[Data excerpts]
··········

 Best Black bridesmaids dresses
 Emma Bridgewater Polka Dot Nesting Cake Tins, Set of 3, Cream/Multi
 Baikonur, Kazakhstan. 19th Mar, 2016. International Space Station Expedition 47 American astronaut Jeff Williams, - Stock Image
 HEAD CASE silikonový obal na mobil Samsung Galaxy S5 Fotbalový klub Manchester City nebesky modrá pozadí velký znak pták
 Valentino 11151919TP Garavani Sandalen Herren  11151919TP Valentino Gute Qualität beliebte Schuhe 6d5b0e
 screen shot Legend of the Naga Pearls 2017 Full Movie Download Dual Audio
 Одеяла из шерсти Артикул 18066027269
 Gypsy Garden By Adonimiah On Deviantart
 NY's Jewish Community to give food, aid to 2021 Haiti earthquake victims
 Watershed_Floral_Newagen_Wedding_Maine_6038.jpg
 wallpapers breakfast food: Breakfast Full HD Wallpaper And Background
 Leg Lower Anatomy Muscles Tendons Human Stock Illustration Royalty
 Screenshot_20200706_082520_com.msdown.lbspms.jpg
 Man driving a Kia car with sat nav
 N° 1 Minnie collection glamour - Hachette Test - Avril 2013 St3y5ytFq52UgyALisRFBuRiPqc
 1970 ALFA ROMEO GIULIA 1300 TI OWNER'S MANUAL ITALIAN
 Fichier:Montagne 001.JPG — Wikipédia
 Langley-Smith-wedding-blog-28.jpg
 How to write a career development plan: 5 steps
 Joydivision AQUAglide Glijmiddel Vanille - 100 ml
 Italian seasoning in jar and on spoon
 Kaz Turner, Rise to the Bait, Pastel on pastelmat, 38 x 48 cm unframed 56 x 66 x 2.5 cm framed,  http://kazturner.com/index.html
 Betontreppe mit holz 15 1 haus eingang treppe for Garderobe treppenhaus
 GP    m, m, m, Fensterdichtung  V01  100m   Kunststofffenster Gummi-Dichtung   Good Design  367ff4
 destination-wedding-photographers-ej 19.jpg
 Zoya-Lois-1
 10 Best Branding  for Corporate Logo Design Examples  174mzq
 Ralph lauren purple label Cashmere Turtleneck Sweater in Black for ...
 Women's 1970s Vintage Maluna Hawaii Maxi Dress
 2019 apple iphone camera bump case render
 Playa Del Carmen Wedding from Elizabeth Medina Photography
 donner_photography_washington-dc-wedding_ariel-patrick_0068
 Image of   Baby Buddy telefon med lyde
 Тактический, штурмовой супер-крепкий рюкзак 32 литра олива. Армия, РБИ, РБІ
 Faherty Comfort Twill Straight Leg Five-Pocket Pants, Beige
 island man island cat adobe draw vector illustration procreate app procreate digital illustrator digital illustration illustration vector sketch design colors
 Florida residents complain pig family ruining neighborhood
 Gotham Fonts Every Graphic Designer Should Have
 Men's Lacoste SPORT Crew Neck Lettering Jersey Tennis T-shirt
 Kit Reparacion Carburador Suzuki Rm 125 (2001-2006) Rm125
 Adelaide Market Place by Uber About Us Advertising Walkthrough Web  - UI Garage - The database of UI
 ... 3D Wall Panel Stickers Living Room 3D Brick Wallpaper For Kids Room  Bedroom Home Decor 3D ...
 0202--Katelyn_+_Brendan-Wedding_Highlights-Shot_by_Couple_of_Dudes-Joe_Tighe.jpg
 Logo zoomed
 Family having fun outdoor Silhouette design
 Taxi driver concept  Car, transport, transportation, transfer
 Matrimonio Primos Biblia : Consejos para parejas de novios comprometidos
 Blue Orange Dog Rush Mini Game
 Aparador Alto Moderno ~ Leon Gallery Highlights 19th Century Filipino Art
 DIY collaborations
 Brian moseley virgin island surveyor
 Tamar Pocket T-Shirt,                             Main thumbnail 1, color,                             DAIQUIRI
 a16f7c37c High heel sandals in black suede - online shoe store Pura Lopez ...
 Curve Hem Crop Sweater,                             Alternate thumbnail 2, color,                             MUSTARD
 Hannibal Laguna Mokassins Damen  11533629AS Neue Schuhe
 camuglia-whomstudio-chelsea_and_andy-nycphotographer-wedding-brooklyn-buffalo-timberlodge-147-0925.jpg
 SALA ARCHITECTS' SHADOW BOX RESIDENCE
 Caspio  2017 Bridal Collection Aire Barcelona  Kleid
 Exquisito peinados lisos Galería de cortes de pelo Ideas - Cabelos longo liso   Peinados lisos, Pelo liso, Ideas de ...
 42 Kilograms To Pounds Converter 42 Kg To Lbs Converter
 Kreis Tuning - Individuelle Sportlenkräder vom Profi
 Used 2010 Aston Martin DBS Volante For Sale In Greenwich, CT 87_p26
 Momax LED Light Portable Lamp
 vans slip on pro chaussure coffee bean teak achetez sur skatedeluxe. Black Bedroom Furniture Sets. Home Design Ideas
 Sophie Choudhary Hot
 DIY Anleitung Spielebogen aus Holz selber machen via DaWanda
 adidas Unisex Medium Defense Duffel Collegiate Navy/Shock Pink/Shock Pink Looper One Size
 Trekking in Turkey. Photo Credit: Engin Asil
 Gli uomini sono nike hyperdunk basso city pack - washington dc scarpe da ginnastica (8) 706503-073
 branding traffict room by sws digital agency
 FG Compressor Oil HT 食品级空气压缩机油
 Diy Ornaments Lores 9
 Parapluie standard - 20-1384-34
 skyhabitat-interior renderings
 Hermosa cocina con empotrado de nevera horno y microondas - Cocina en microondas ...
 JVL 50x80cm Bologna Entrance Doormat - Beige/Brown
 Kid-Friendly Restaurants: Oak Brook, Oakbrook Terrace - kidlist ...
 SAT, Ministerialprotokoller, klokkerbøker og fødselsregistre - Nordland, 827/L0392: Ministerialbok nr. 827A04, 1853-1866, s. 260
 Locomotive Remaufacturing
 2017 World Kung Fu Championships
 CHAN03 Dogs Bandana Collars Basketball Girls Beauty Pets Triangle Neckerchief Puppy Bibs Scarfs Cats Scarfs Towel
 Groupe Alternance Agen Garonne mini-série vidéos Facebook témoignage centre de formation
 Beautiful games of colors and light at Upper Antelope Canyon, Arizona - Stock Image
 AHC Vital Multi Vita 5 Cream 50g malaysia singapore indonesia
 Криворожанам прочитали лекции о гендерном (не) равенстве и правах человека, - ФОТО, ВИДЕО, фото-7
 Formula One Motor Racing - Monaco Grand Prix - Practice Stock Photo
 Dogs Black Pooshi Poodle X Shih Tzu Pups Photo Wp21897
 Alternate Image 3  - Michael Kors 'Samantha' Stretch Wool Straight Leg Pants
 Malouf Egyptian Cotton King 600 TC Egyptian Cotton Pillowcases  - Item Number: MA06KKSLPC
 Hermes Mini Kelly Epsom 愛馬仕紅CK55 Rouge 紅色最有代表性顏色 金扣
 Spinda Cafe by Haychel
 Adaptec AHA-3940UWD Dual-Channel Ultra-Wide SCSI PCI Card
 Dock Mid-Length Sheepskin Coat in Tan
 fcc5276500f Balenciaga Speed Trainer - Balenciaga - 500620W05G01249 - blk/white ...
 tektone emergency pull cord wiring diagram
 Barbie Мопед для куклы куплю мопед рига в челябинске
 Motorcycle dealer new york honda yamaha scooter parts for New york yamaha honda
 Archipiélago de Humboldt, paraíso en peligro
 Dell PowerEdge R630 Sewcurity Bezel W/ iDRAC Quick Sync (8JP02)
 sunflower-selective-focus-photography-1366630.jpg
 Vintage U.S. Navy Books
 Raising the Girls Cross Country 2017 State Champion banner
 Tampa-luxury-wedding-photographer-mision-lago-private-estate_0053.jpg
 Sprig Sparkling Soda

··········

▶ _Task objective_
Wherever a line above contains "Best", copy that line.

▶ _Response to the exercise_
 Best Black bridesmaids dresses
 10 Best Branding  for Corporate Logo Design Examples  174mzq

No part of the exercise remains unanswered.